There are three causes of amblyopia: refractive, strabismic and occlusive. Strabismus sufficient to cause amblyopia is usually evident, but small angles of strabismus (microtropias) may not be so obvious. To determine the presence of a microtropia, place an 8 D prism base out in front of one eye while the patient is fixating on an object binocularly. Both eyes should shift towards the direction of the apex. If only one eye shifts, there is a microtropia with scotoma — the visual acuity is usually in the 20/40 range in these cases. Causes of occlusive (deprivational) amblyopia are usually evident as well: media opacities (such as cataract) and complete ptosis can be amblyopiagenic. In the case of ptosis, if the child is lifting her chin, amblyopia is not likely as she is trying to maintain binocularity.
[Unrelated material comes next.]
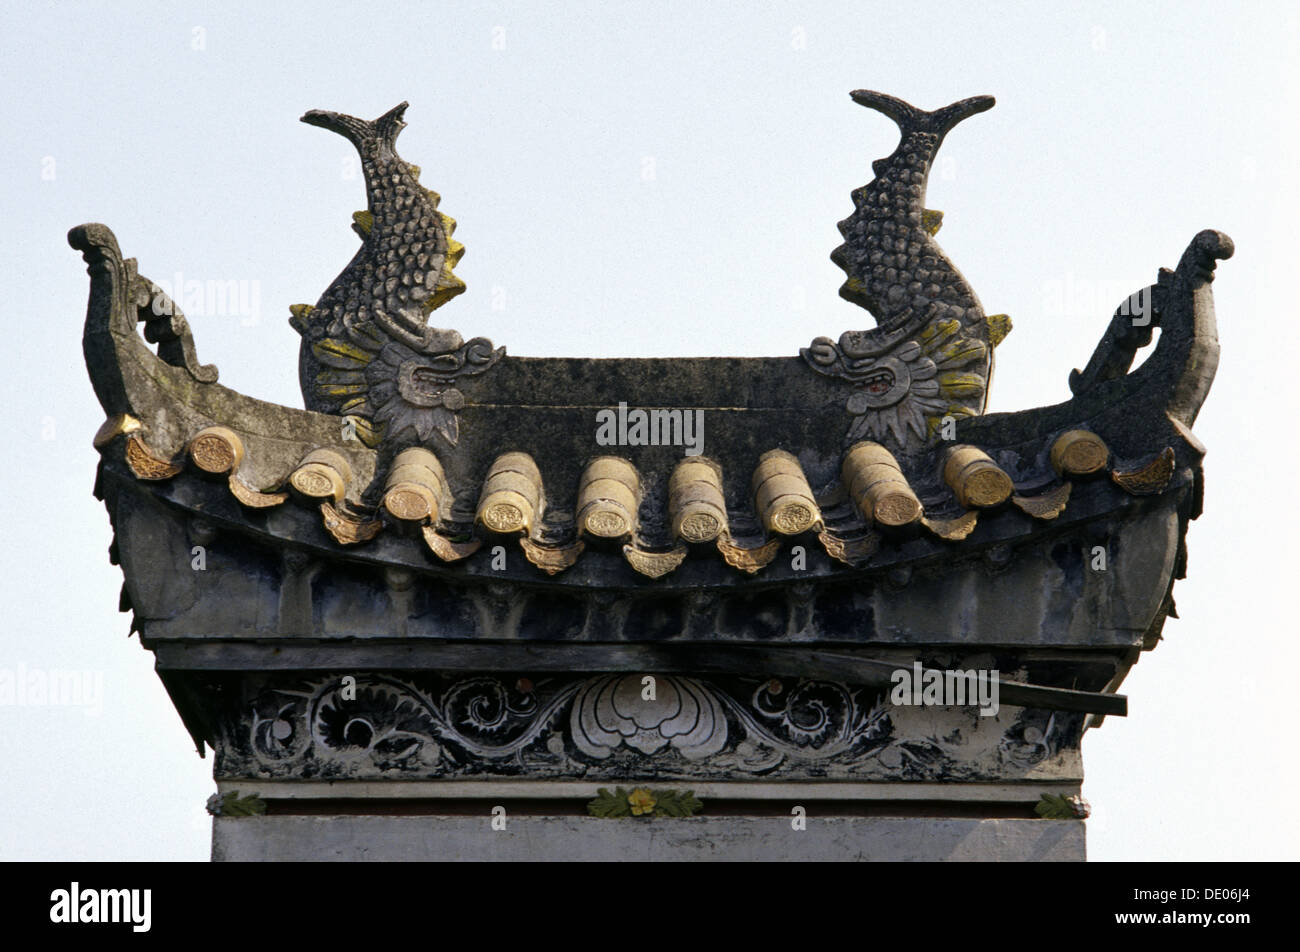 Blick auf die geschnitzten umgedrehten Eave Yueyang Turm stammt aus der Zeit der drei Reiche (220-280 n. Chr.) als einer der drei großen Türme im Süden des Yangtze-Flusses in China aufgeführt.  Provinz Hunan China. Stockfoto

The most difficult form of amblyopia to detect is refractive because refractive errors are not visible on the patient's face, as is the case with strabismus or ptosis. Anisometropia is the most common cause of amblyopia and while the details are too great to get into here, the take-home message is that only cycloplegic retinoscopy is acceptable when determining refractive errors in children. Children have tremendous accommodative amplitudes and, unlike adults, their refractive state cannot be properly determined without cycloplegia. Cyclopentolate 1% should be used for most patients; those with a lot of pigmentation (especially those from southeast Asia) often need cyclopentolate 2% and, in rare cases, atropine given prior to a follow-up visit. OM

References

1. Simons K. Amblyopia characterization, treatment and prophylaxis. Surv Ophthalmol. 2005;50:123-166.
2. PEDIG Study Group. 2005 Randomized Trial of Atropine Regimens for Treatment of Moderate Amblyopia in children aged 7 to 17 years. Arch Ophthalmol. 2005;123:437-447.
3. PEDIG Study Group. 2003 A randomized trial of patching regimens for treatment of moderate amblyopia in children. Arch Ophthalmol. 2003;121:603-611.
4. Pediatric Eye Disease Investigator Group. A randomized trial of atropine regimens for treatment of moderate amblyopia in children. Ophthalmology. 2004;111:2076-2085.
5. Donahue SP. How often are spectacles prescribed to "normal" preschool children? J AAPOS. 2004;8:224-229.

Eric A. Lichtenstein, M.D., completed residency at The New York Eye & Ear Infirmary prior to his fellowship in pediatric ophthalmology and strabismus at Indiana University. A member of AAPOS, he is in private practice in Queens, NY and is an Adjunct Professor at The New York Eye & Ear Infirmary.